HHS Secretary Alex Azar says current interpretations of the two privacy laws…are not just impeding value-based arrangements in healthcare. They can also get in the way of communities and families working together to combat our country’s crisis of opioid addiction, another top priority for President Trump.
Azar made the comments during a speech to the Heritage Foundation July 26.
Expect a request for information (RFI) from HHS in the coming months about altering the HIPAA Privacy Rule and 42 CFR Part 2 to make it easier for doctors, hospitals, and payers to coordinate in delivering value-based care and fighting the opioid addiction crisis.
Industry advocates including the American Hospital Association (AHA) support amending 42 CFR Part 2 so information about substance abuse patients could be shared with other providers without patient consent. Currently, confidentiality under CFR Part 2 can get in the way of medical treatment for those treated for addiction, advocates argue.

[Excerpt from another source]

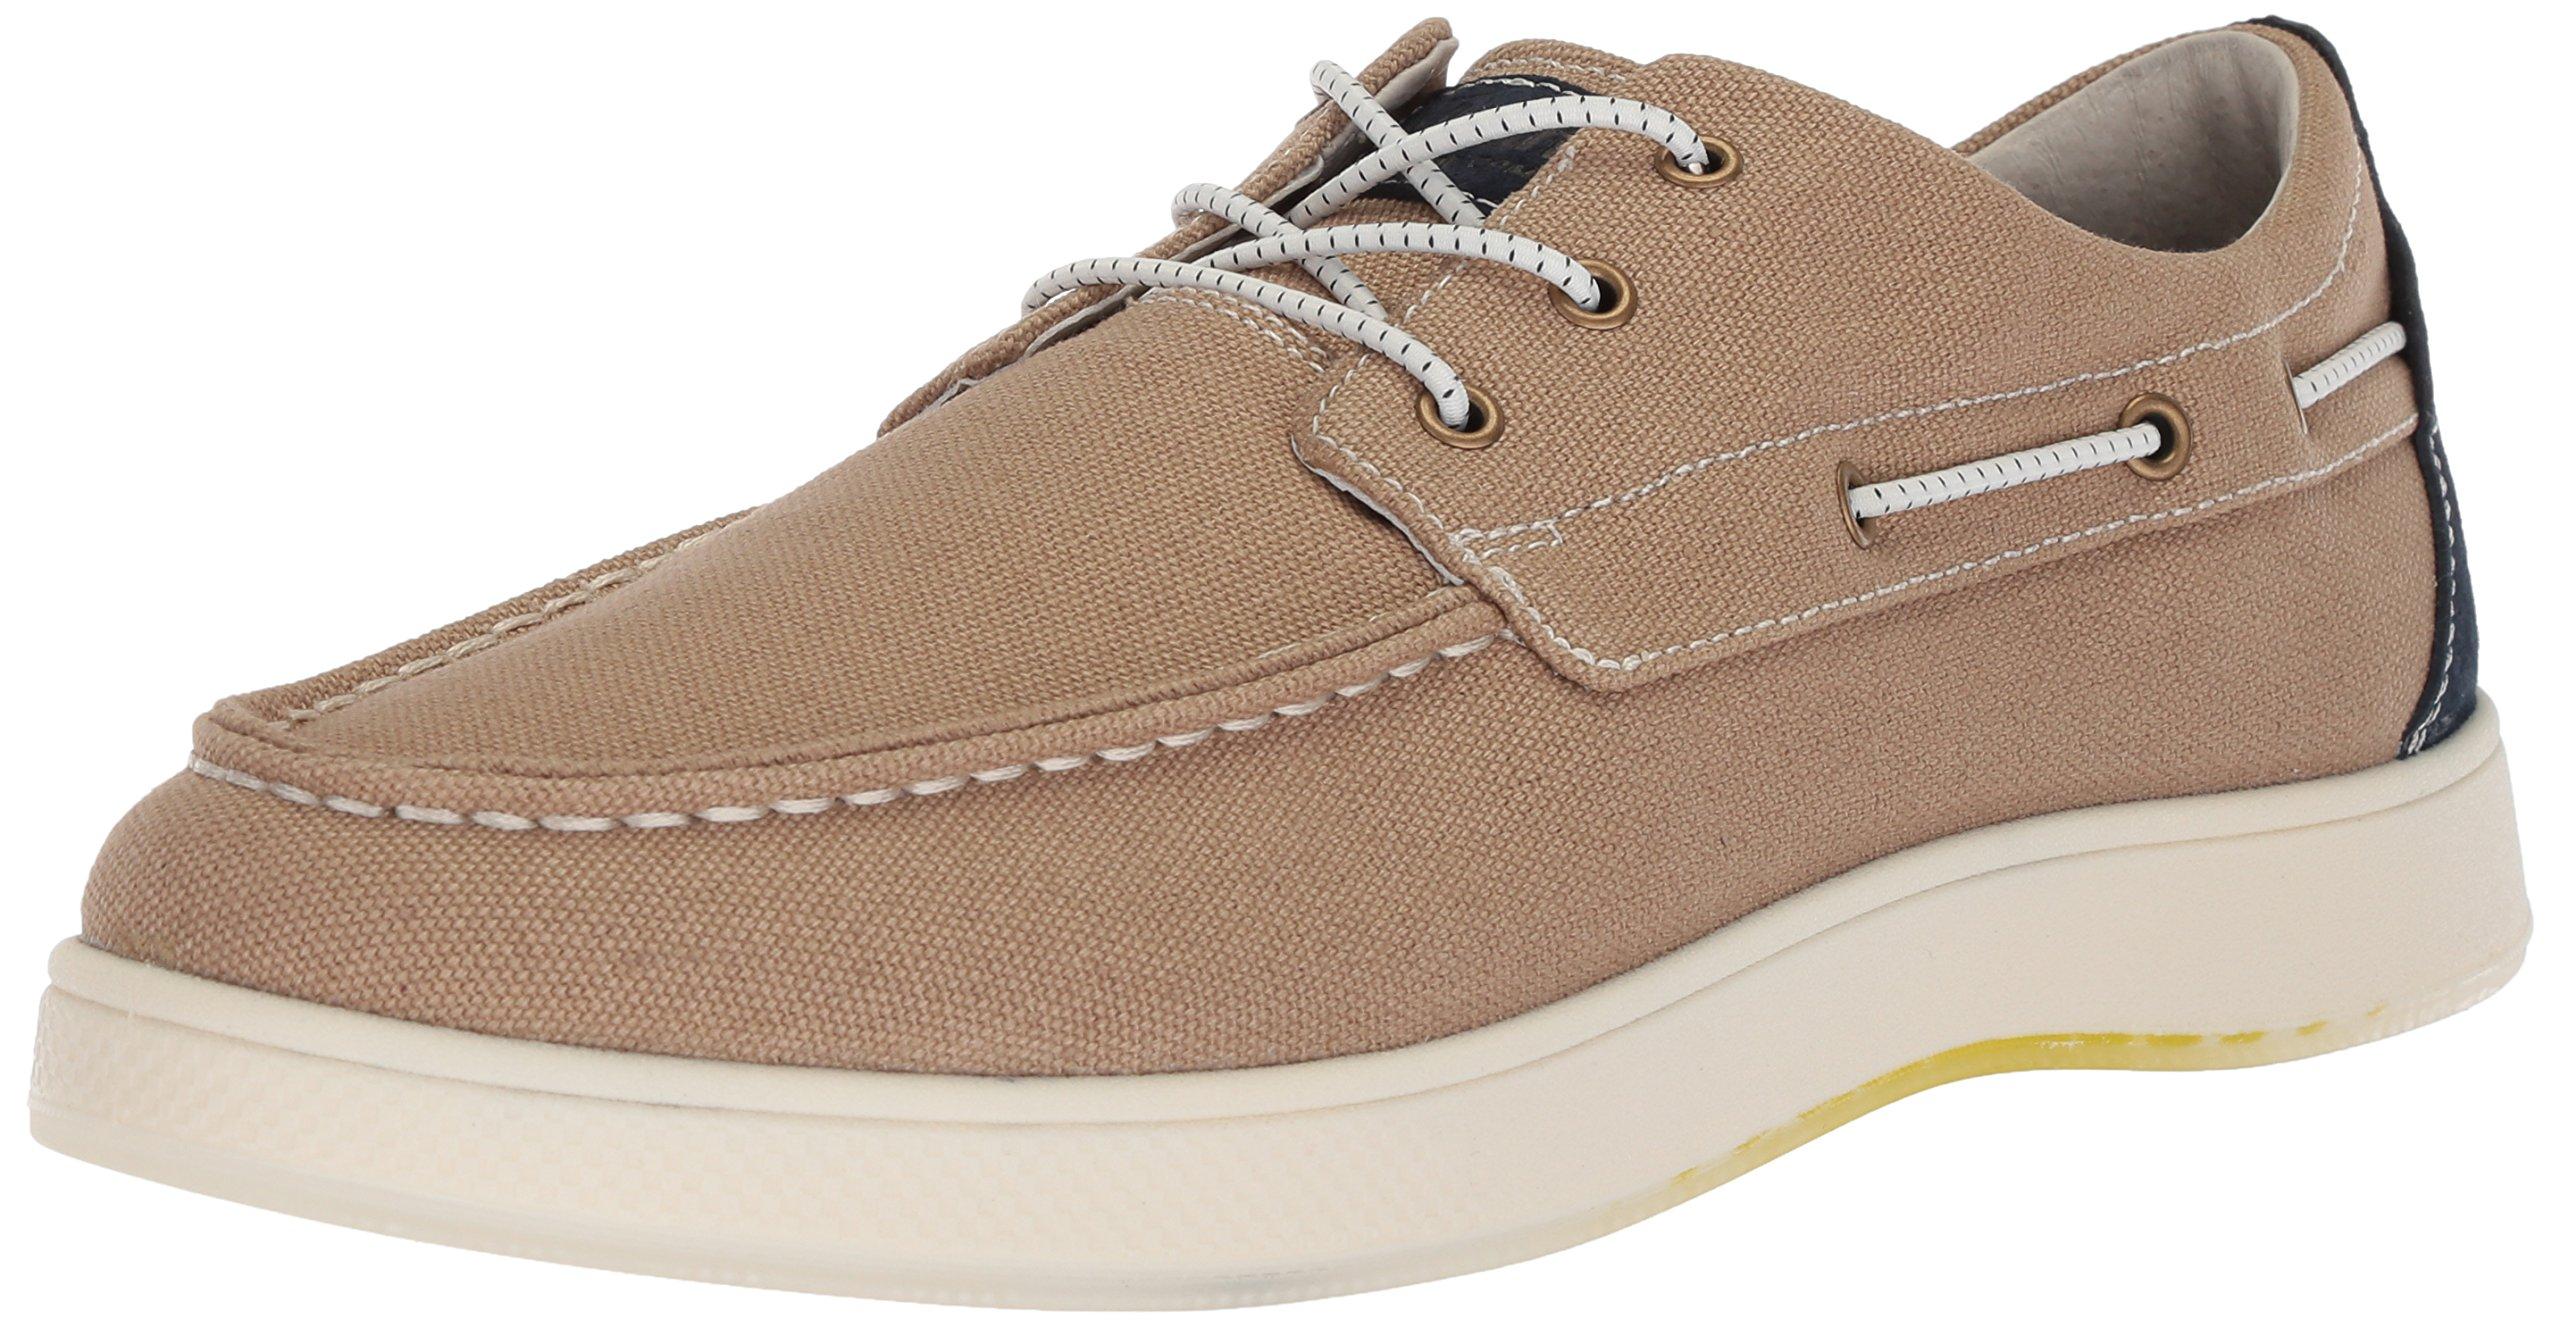 Florsheim Men's Edge Boat Shoe Khaki, 10.5 Medium

The same day Azar made the remarks to the Heritage Foundation, a bipartisan group of House representatives, led by Adam Schiff (D-CA) asked Azar for an update on HHS’ implementation of the Compassionate Communication on HIPAA provision authorized in the 21st Century Cures Act. The provision clarifies when providers could share information with patients’ caregivers about mental health and substance abuse. The letter stated,
As long as misconceptions or ignorance of the rights and responsibilities associated with the privacy rule persist, HIPAA may continue to hinder necessary communication with significant implications for patient care and public safety in circumstances in which providers are legally allowed to share information.
The letter was signed by: Representatives John Katko (R-NY), Grace Napolitano (D-CA), Gus Bilirakis (R-FL), Jimmy Panetta (D-CA), and Salud Carbajal (D-CA).